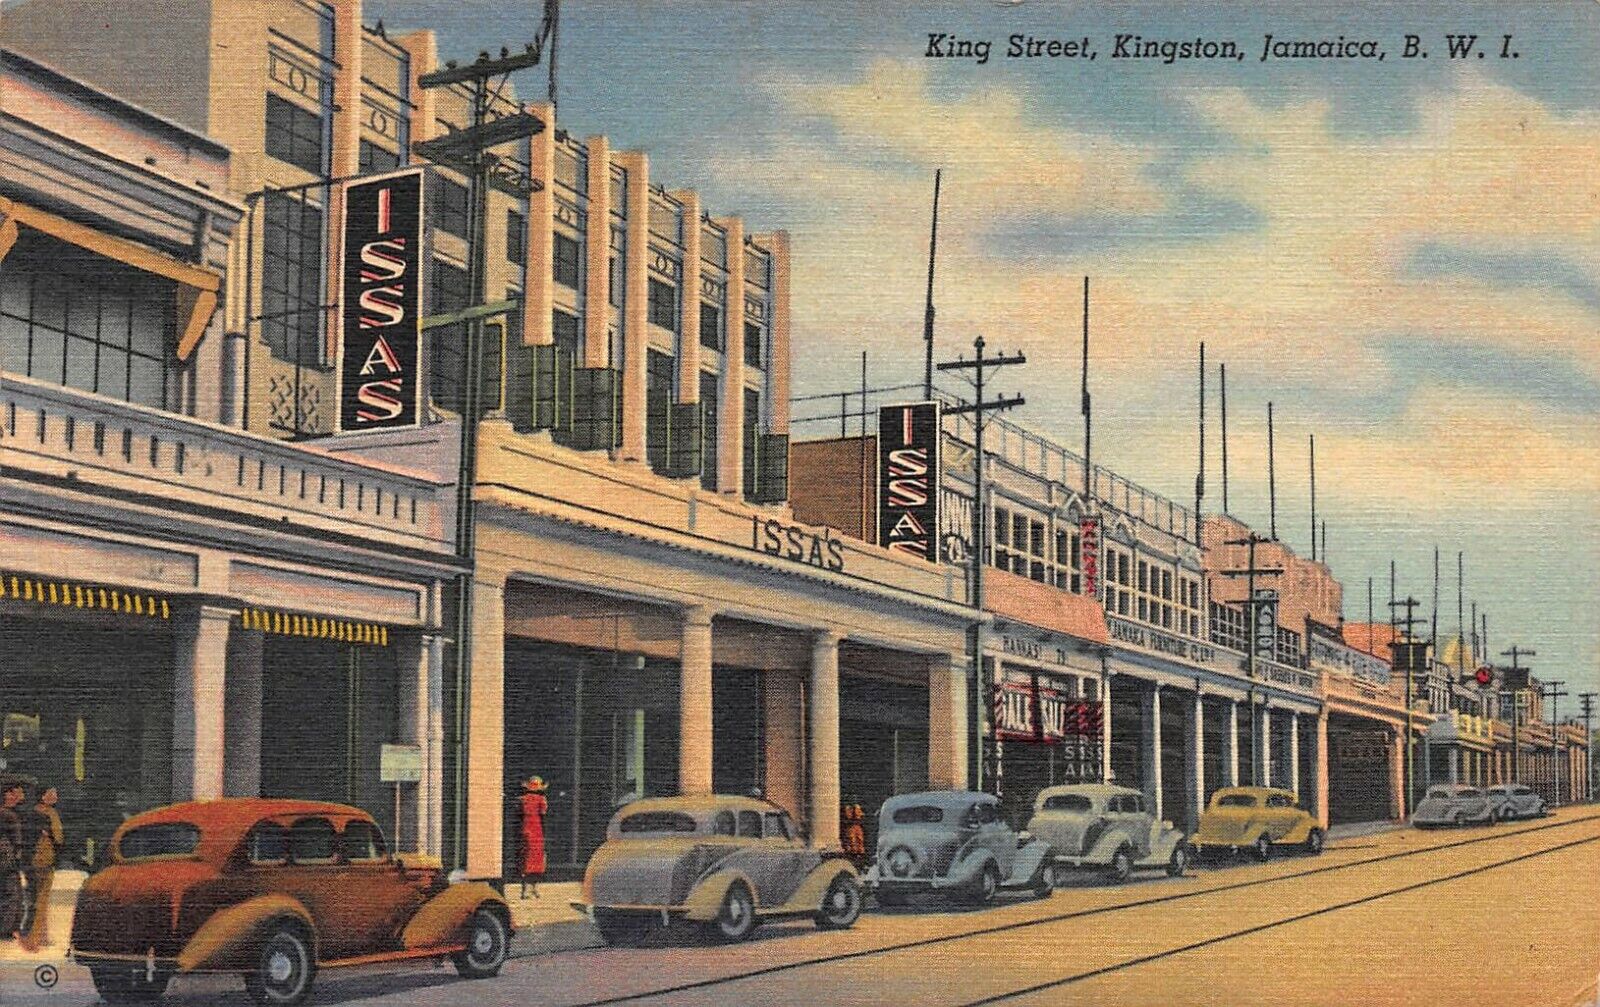 King Street, Kingston, Jamaica, British West Indies, 1939 Postcard, Used
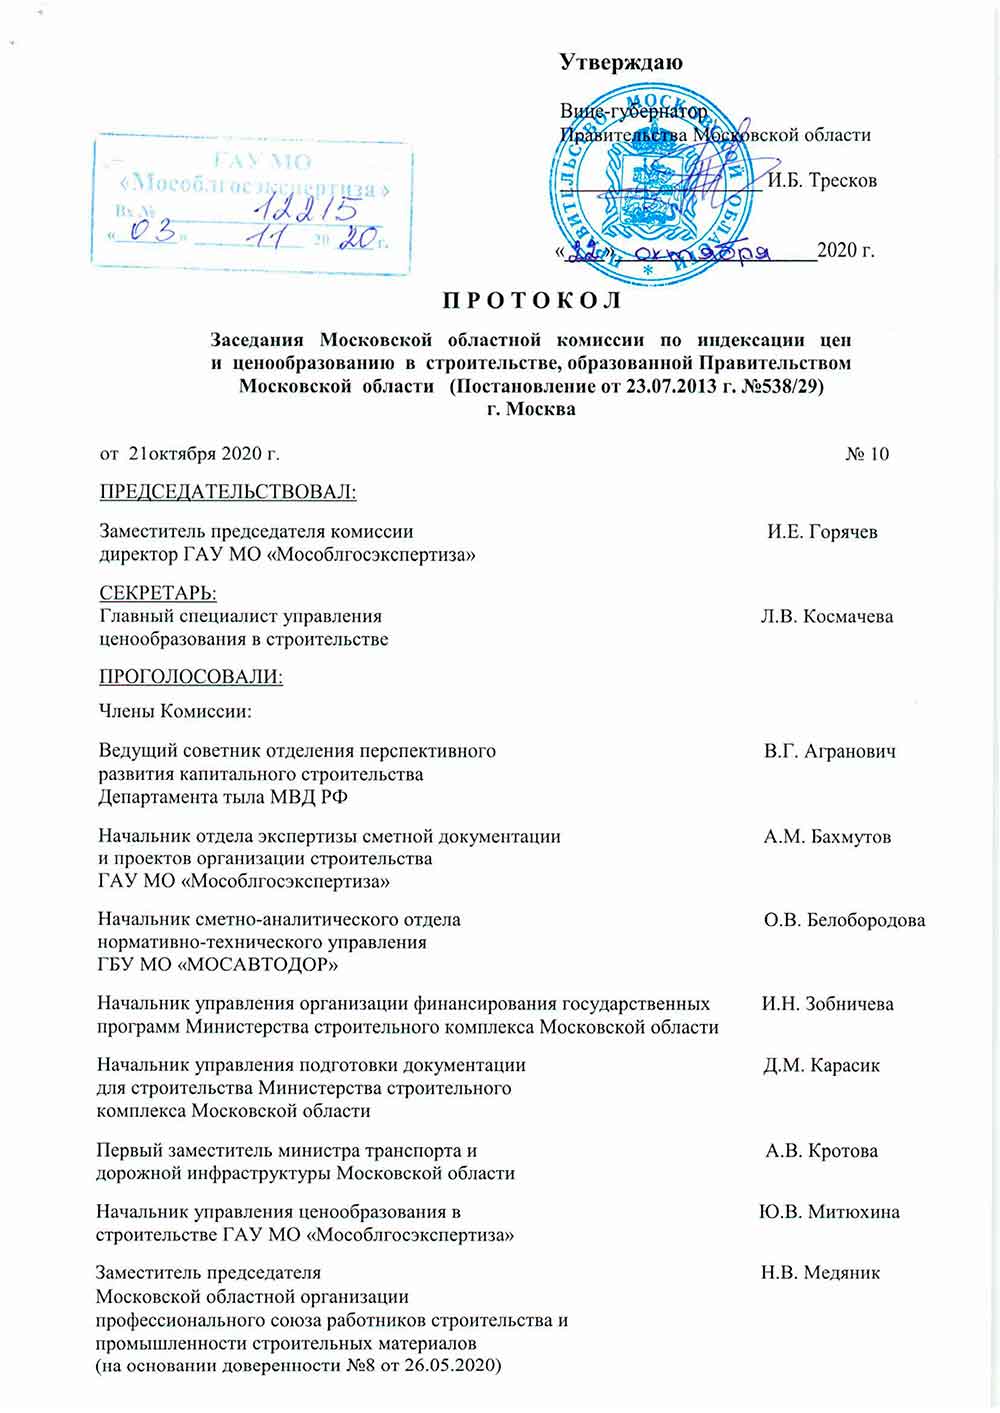 Протокол Мособлгосэкспертизы №10 от 21.10.2020 года
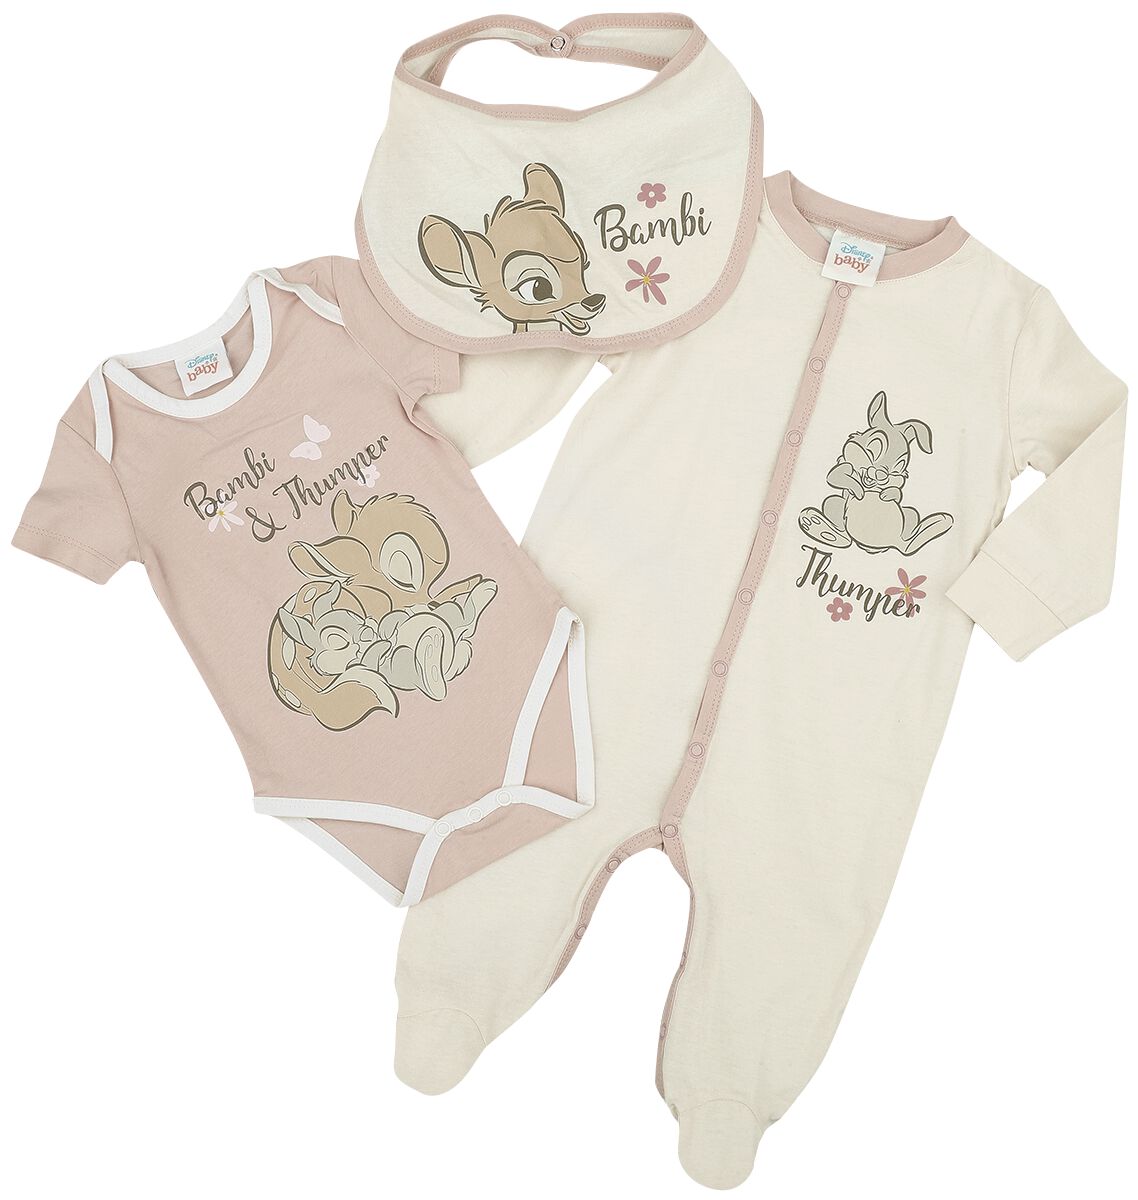 Bambi - Disney Set - Kids - Bambi - 56 bis 74 - für Mädchen - Größe 74 - multicolor  - EMP exklusives Merchandise!
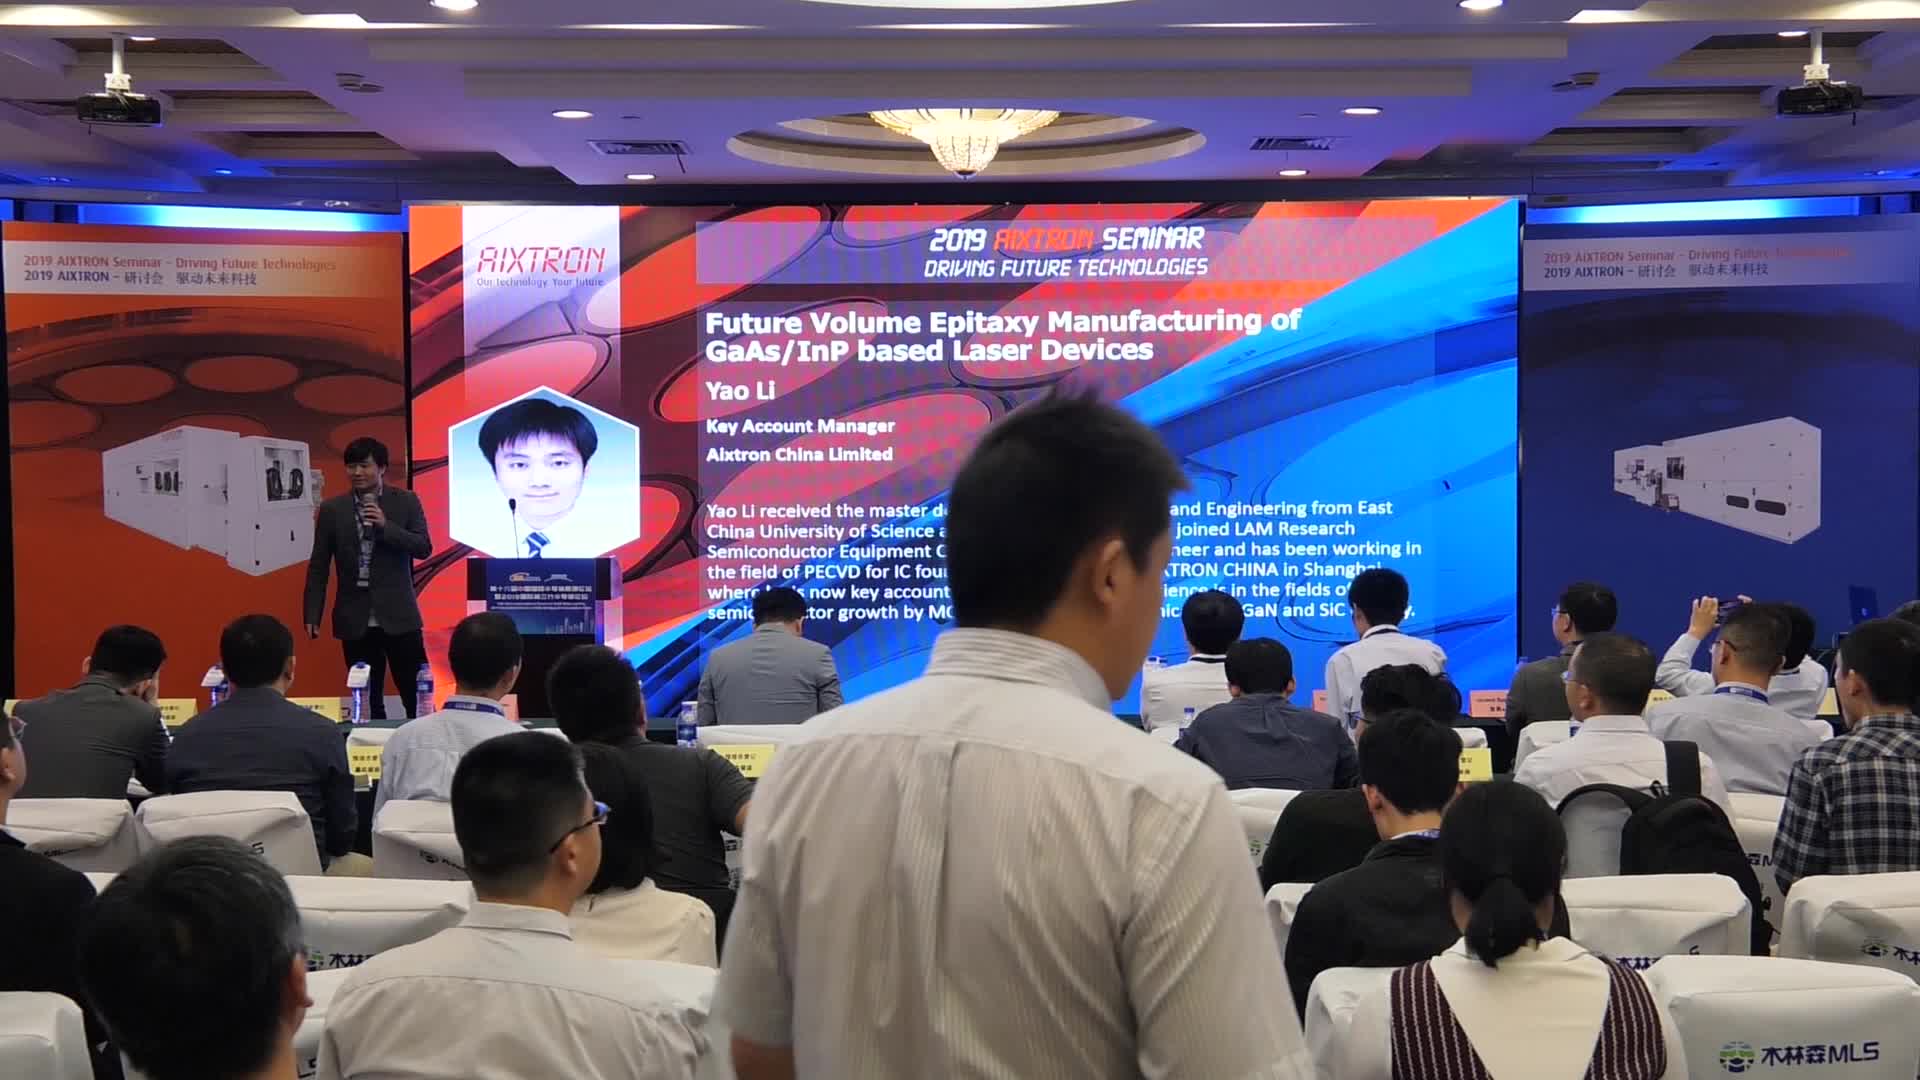 【视频报告 2019】Aixtron China Limited大客户经理李曜：针对未来GaAs/InP基激光器的外延大规模生产

---*---

### Task statement
What is needed is an exact copy of all the data, with no images in it.

### The answer
 King Street, Kingston, Jamaica, British West Indies, 1939 Postcard, Used
 Протокол Мособлгосэкспертизы №10 от 21.10.2020 года
 Bambi - Disney Set - Kids - Bambi - 56 bis 74 - für Mädchen - Größe 74 - multicolor  - EMP exklusives Merchandise!
 【视频报告 2019】Aixtron China Limited大客户经理李曜：针对未来GaAs/InP基激光器的外延大规模生产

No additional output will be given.